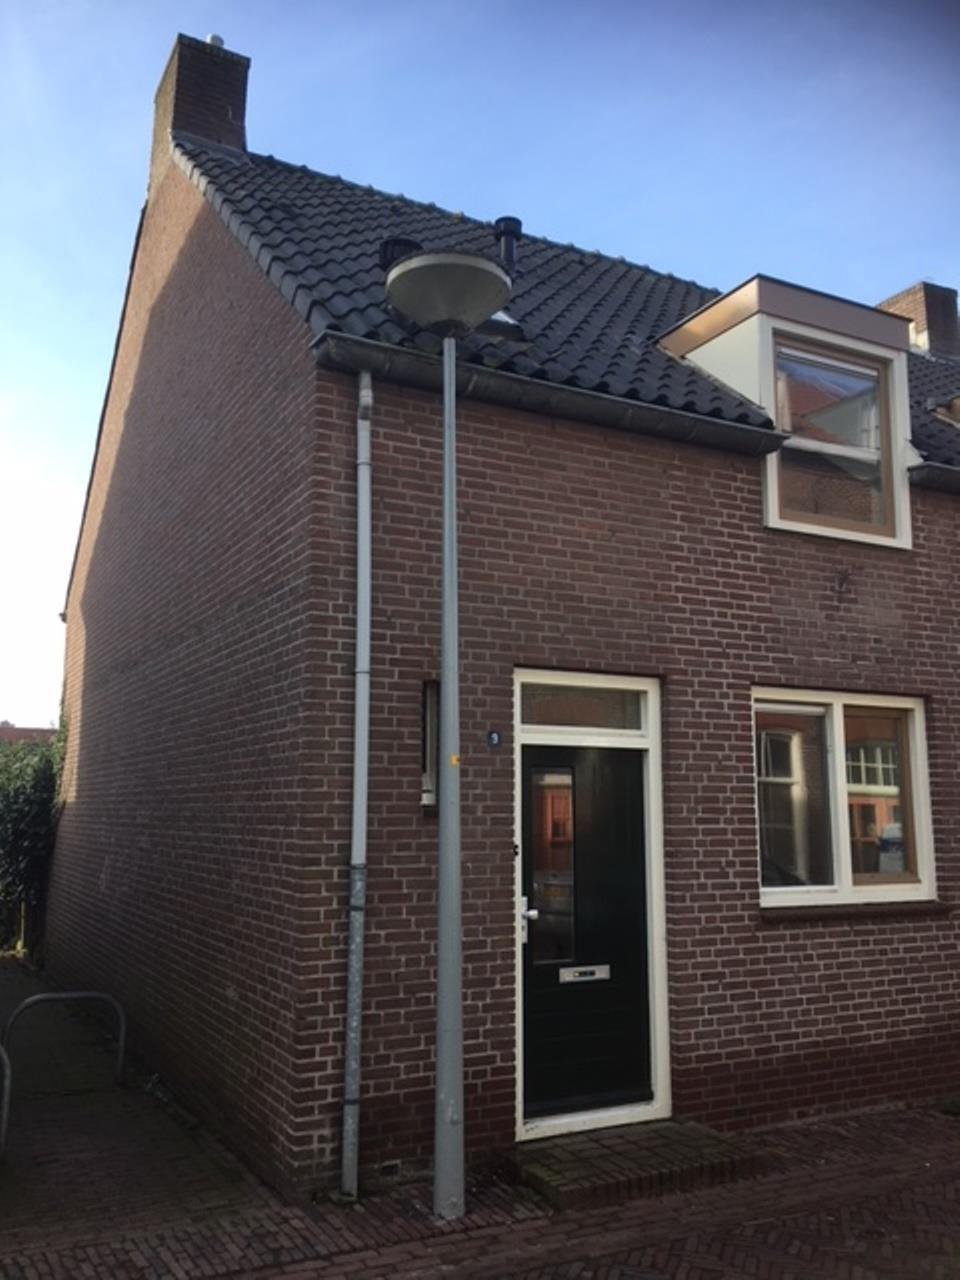 Koetsveldstraat 9, 6981 BE Doesburg, Nederland
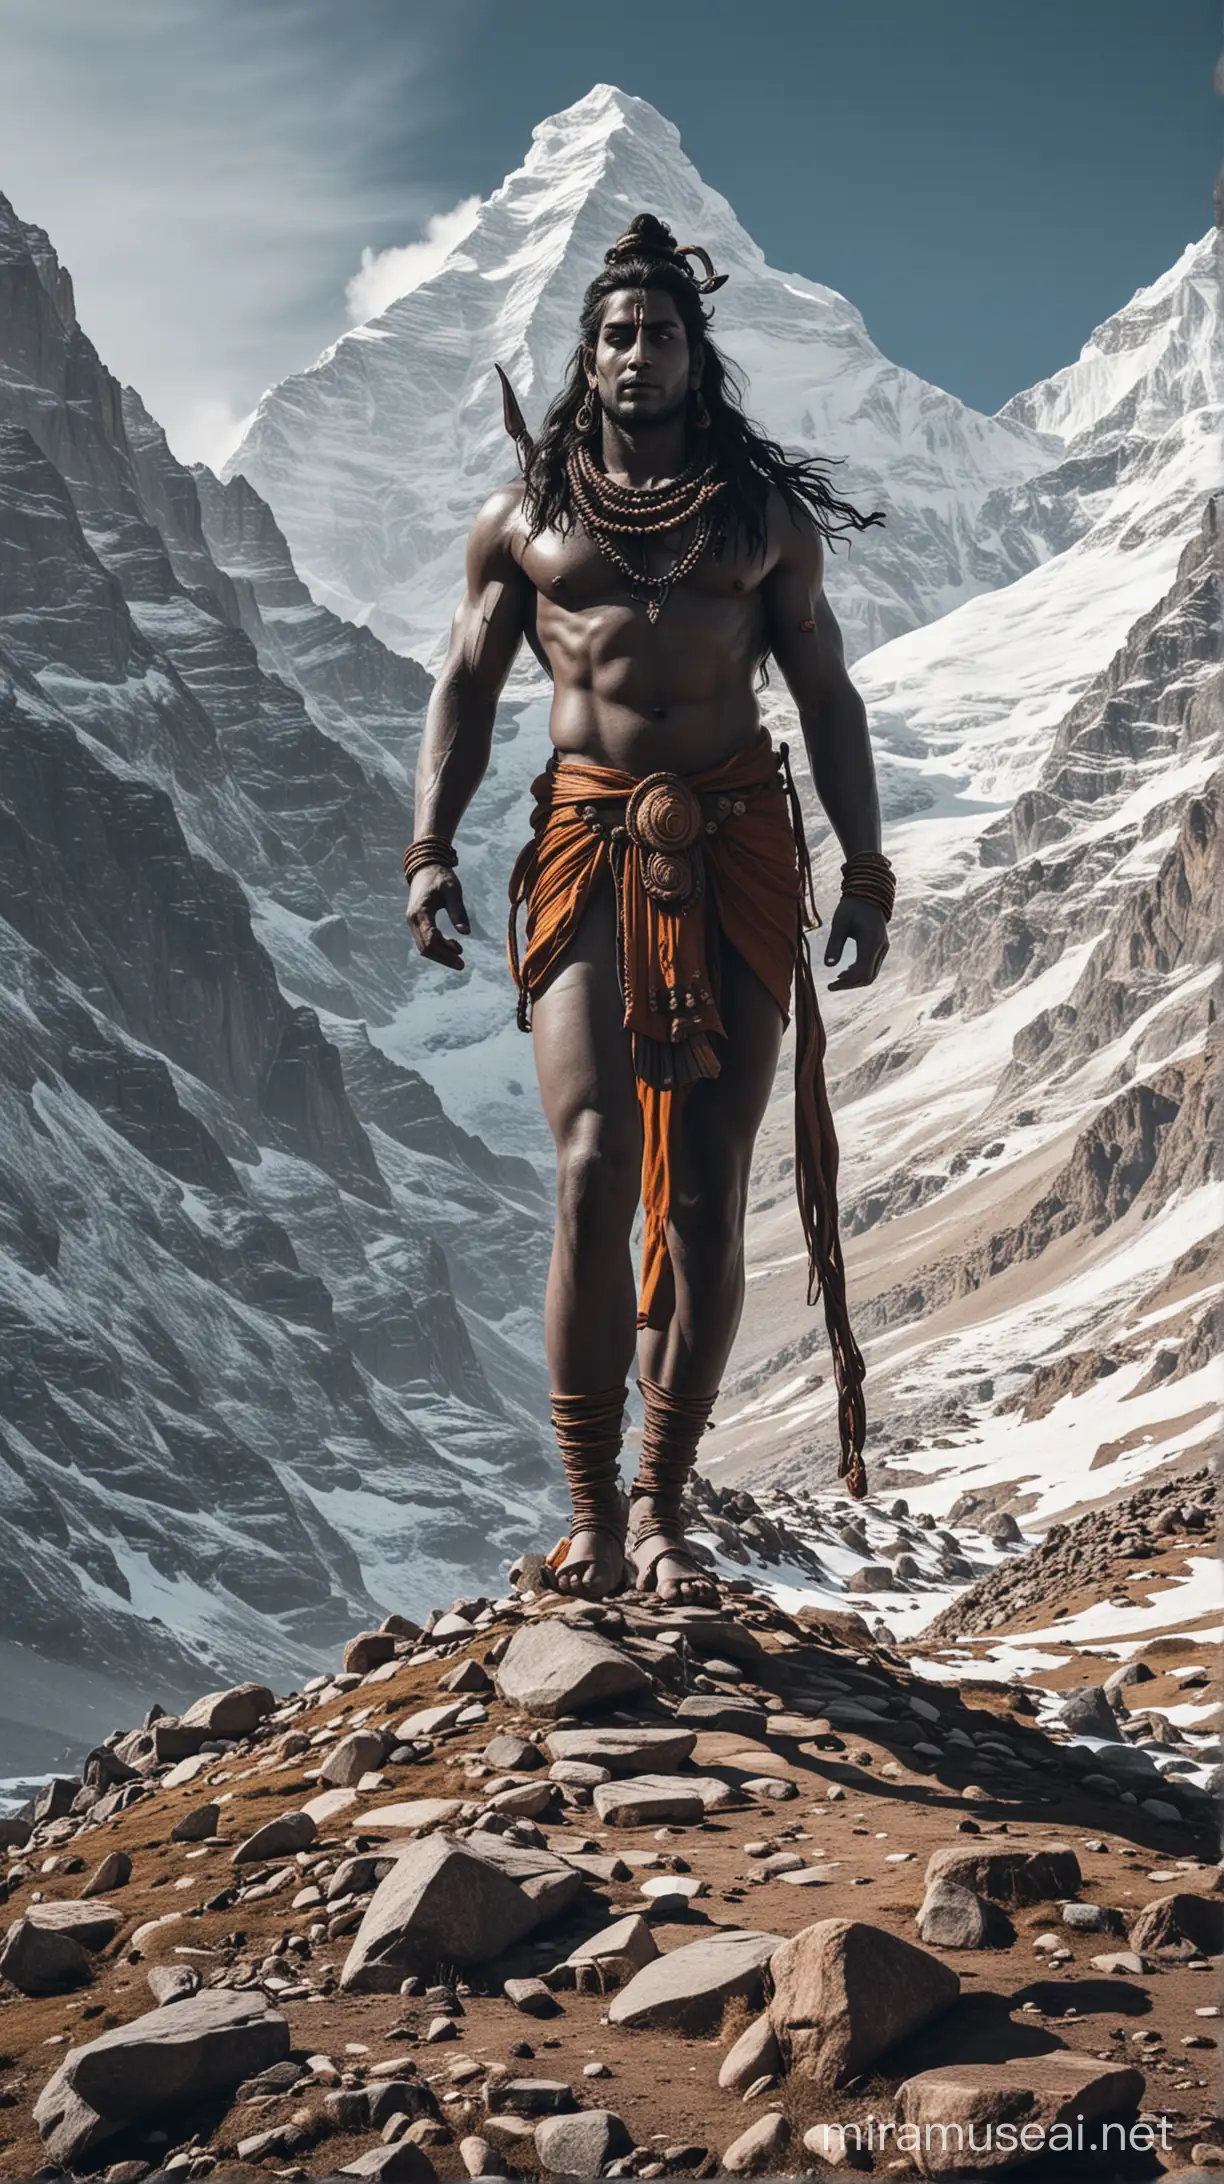 Majestic Lord Shiva Strolling at Mountain Base Camp
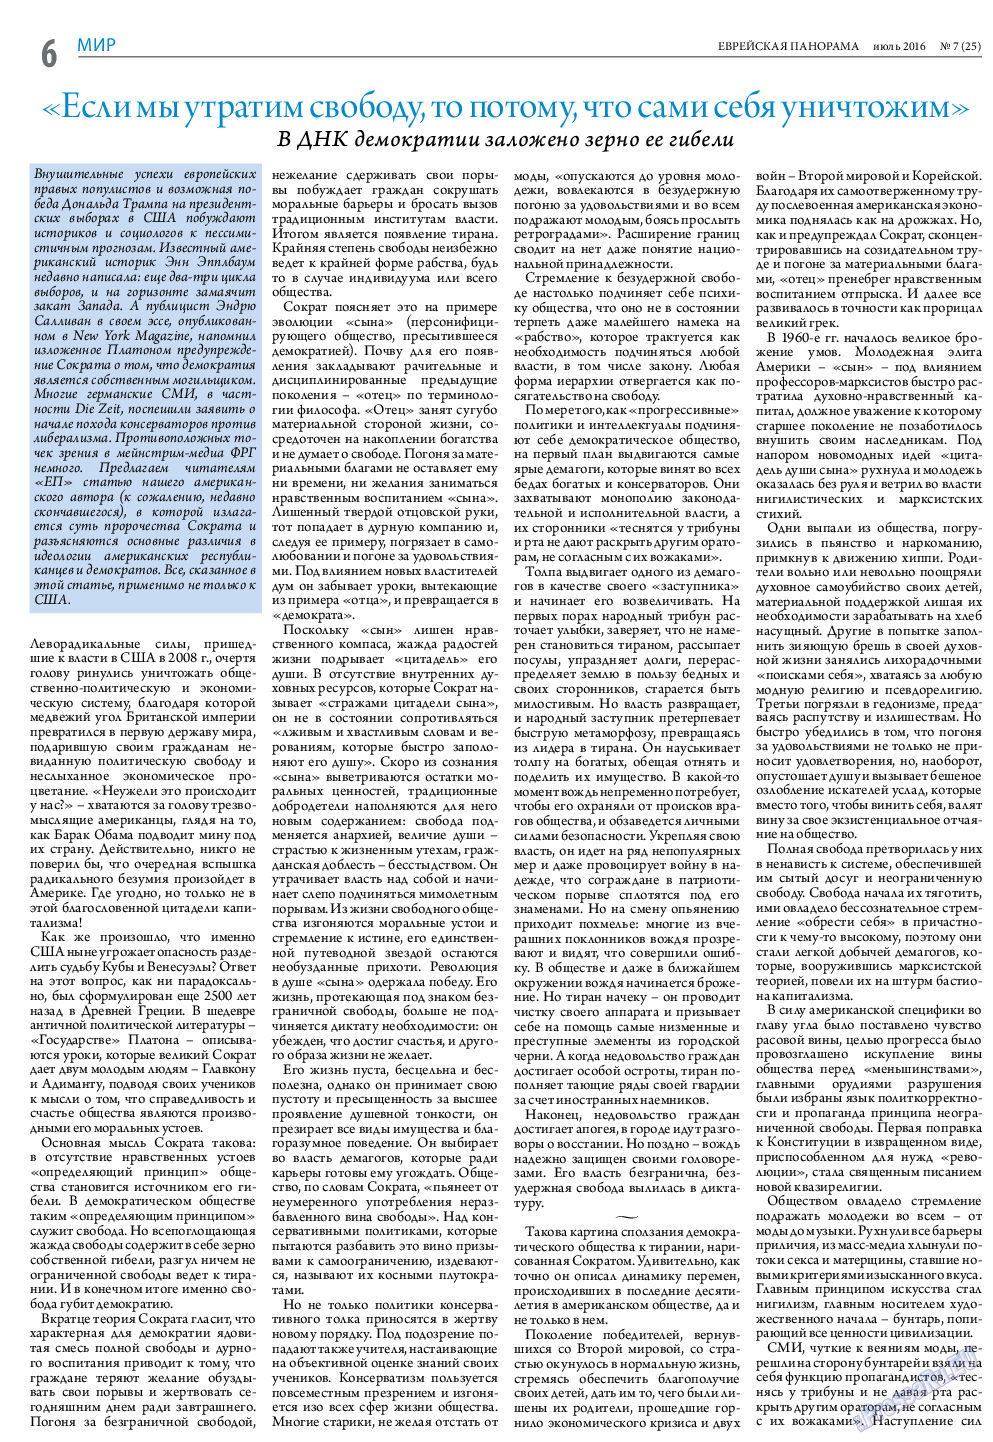 Еврейская панорама, газета. 2016 №7 стр.6

────────────────────

## Goal of the exercise
Restate word for word the lines beginning with the one that contains "Majestic Lord Shiva" and ending with the last line of the listing; pictures stay out.

## Reply
 Majestic Lord Shiva Strolling at Mountain Base Camp
 Еврейская панорама, газета. 2016 №7 стр.6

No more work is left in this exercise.